Most holidaying divers are aware of the need to be well decompressed before flying home, to avoid possible complications linked with the reduced pressures experienced when flying.
But while the recommended 24-hour waiting period after the last dive may be enough for single-flight journeys home, it may be insufficient for journeys that involve two or more connected flights.
That's the conclusion of a study carried out by the San Francisco Institute for Hyperbaric Medicine.
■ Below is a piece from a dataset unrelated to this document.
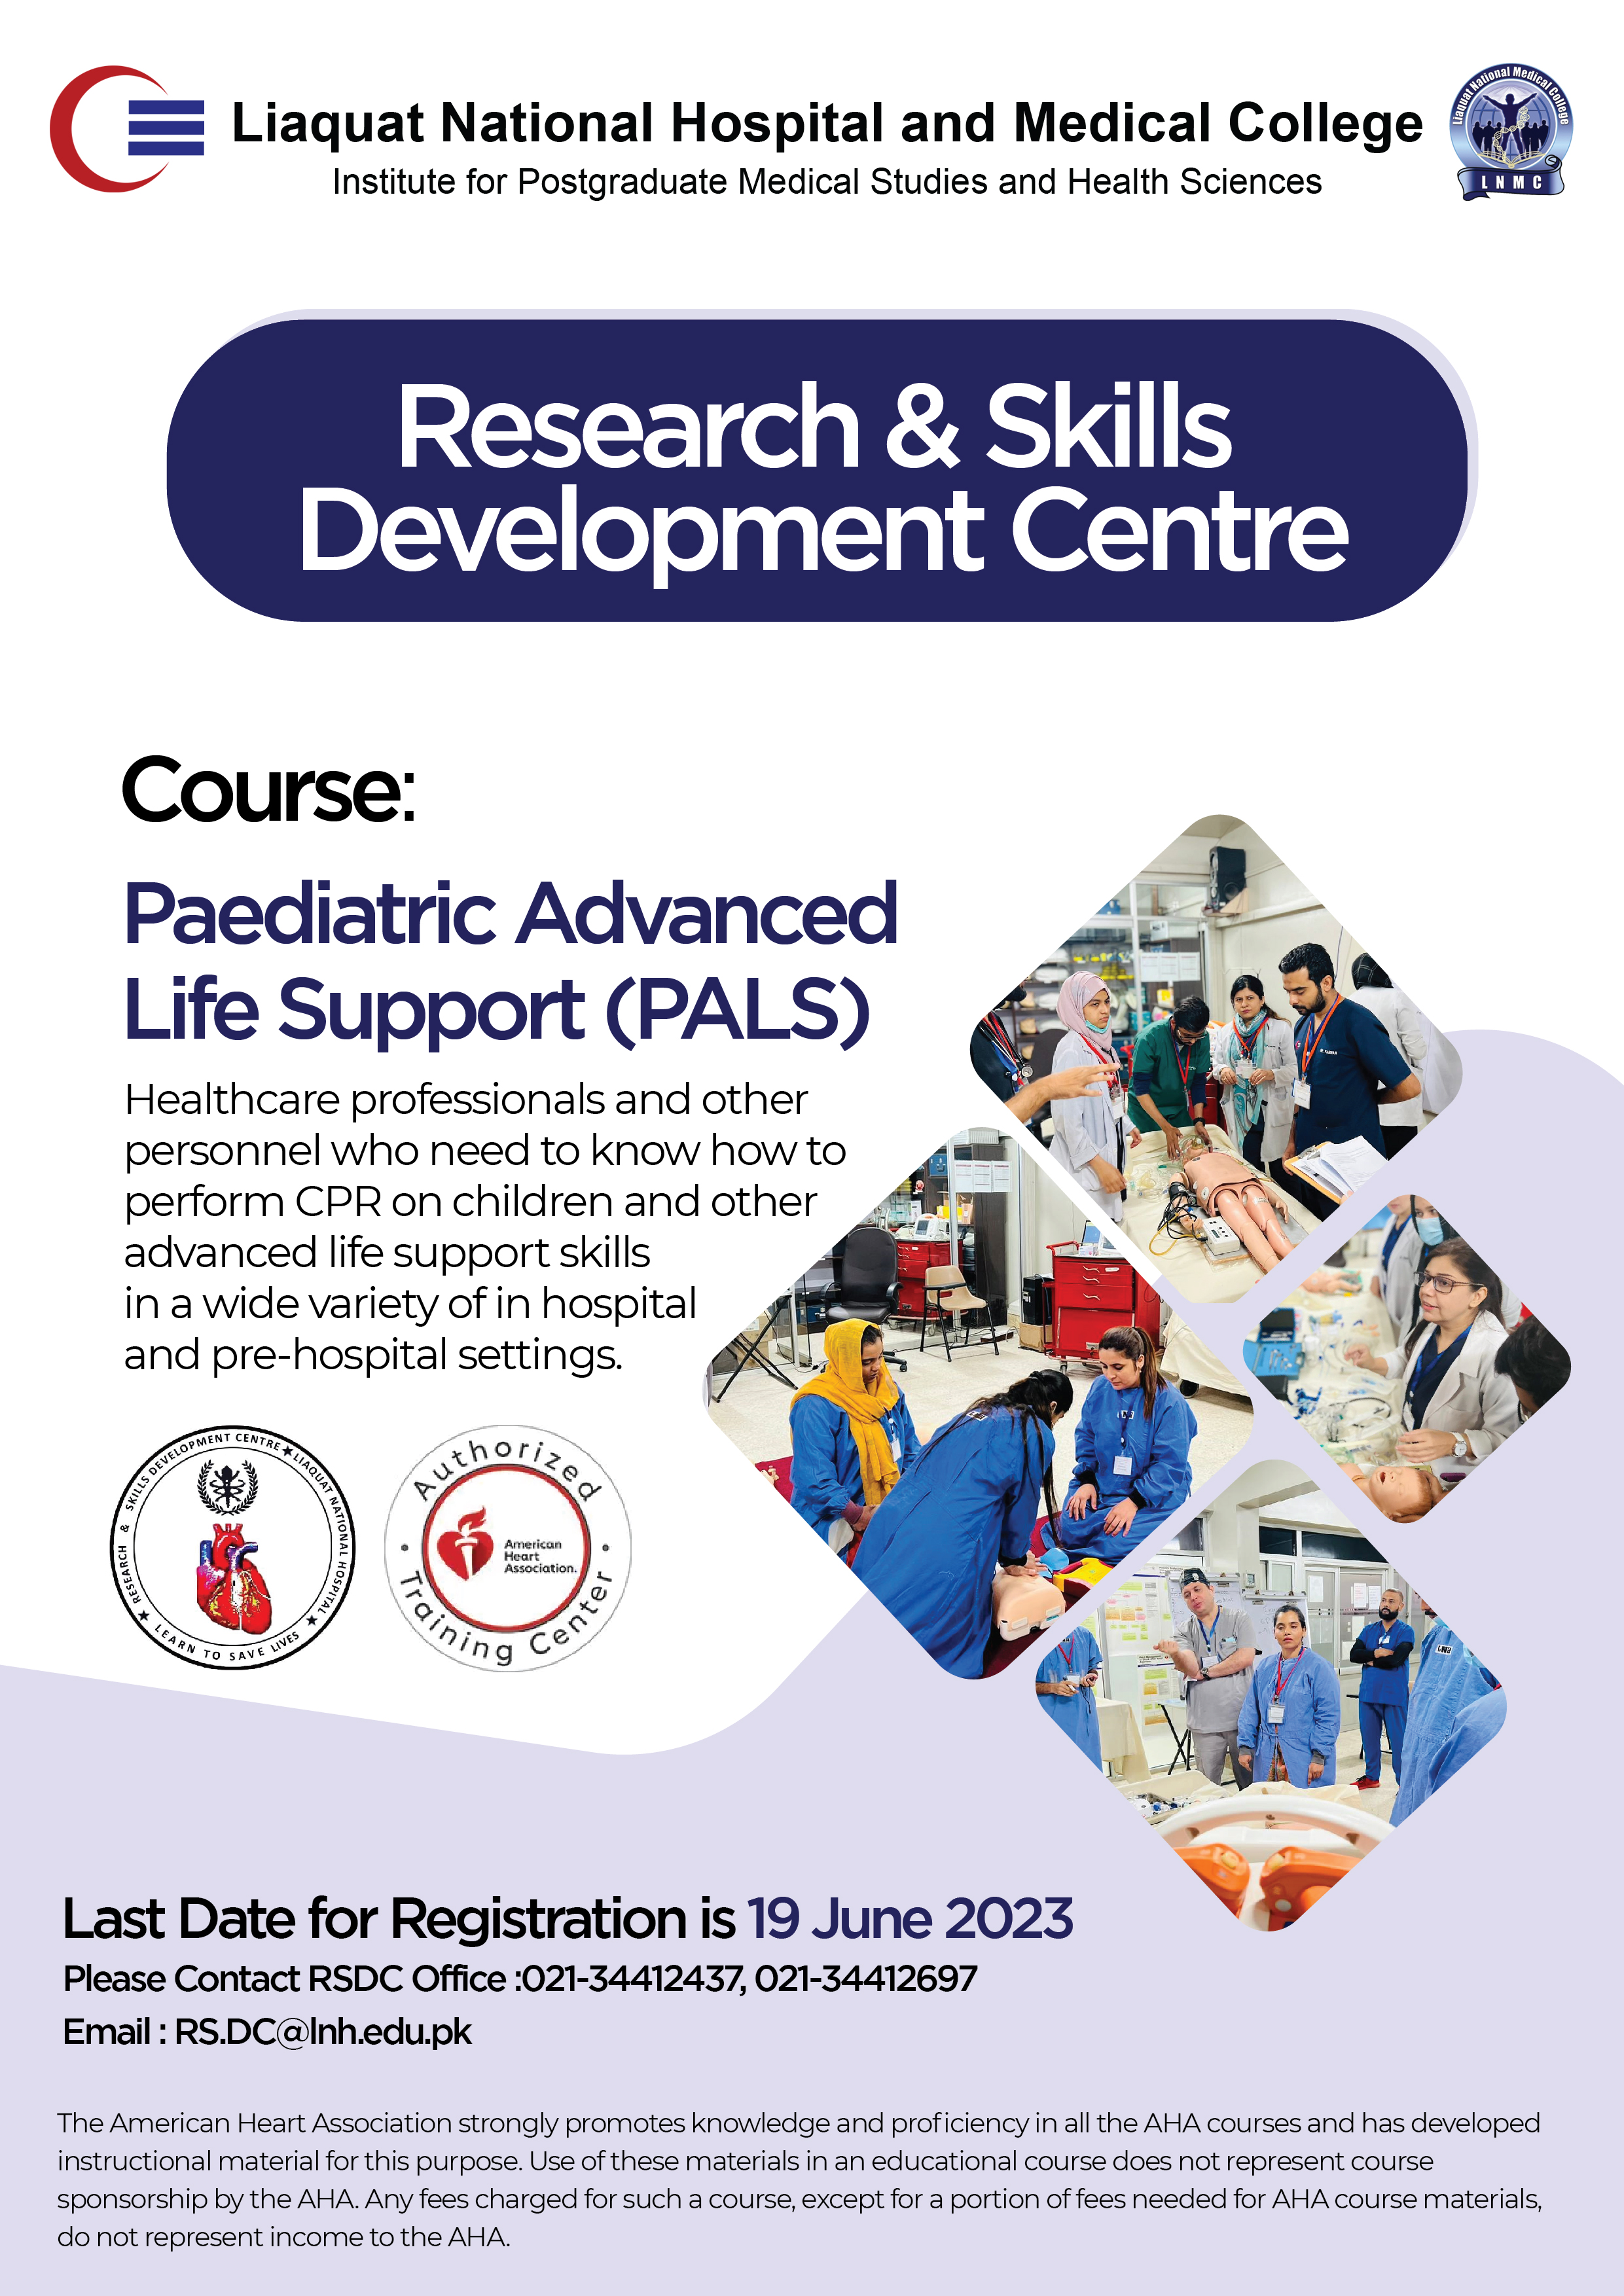 Paediatric Advanced Life Support Course (PALS)

The theory is that, on first take-off, excess nitrogen still in the body starts bubbling and, on landing, reduces but not to the same level as before.
Subsequent take-offs and landings have the effect of gradually increasing the size of nitrogen bubbles in the body's tissues and blood.
Presenting findings to a meeting of the Undersea Hyperbaric Medical Society, as reported by the US diving newsletter Undercurrent, the San Francisco Institute's director, Frederick Cramer, cited the case of a diver who, having holidayed in the Cayman Island, made a four-leg trip home.
It involved an unpressurised inter-island plane that rose to just 5000ft; a pressurised plane which rose to 35,000ft, maintaining an 8000ft cabin pressure; another plane that flew similarly to the second but landed at Minneapolis, 1000ft above sea level; and a fourth plane that flew to Spokane, 2400ft above sea level.
The 37-year-old female diver in question, while having dived in conservative fashion on holiday and observed the usual rest-before-flying recommendations, ended up with signs of severe DCI.
Fortunately she recovered fully after reporting at a hospital and being admitted for recompression treatment.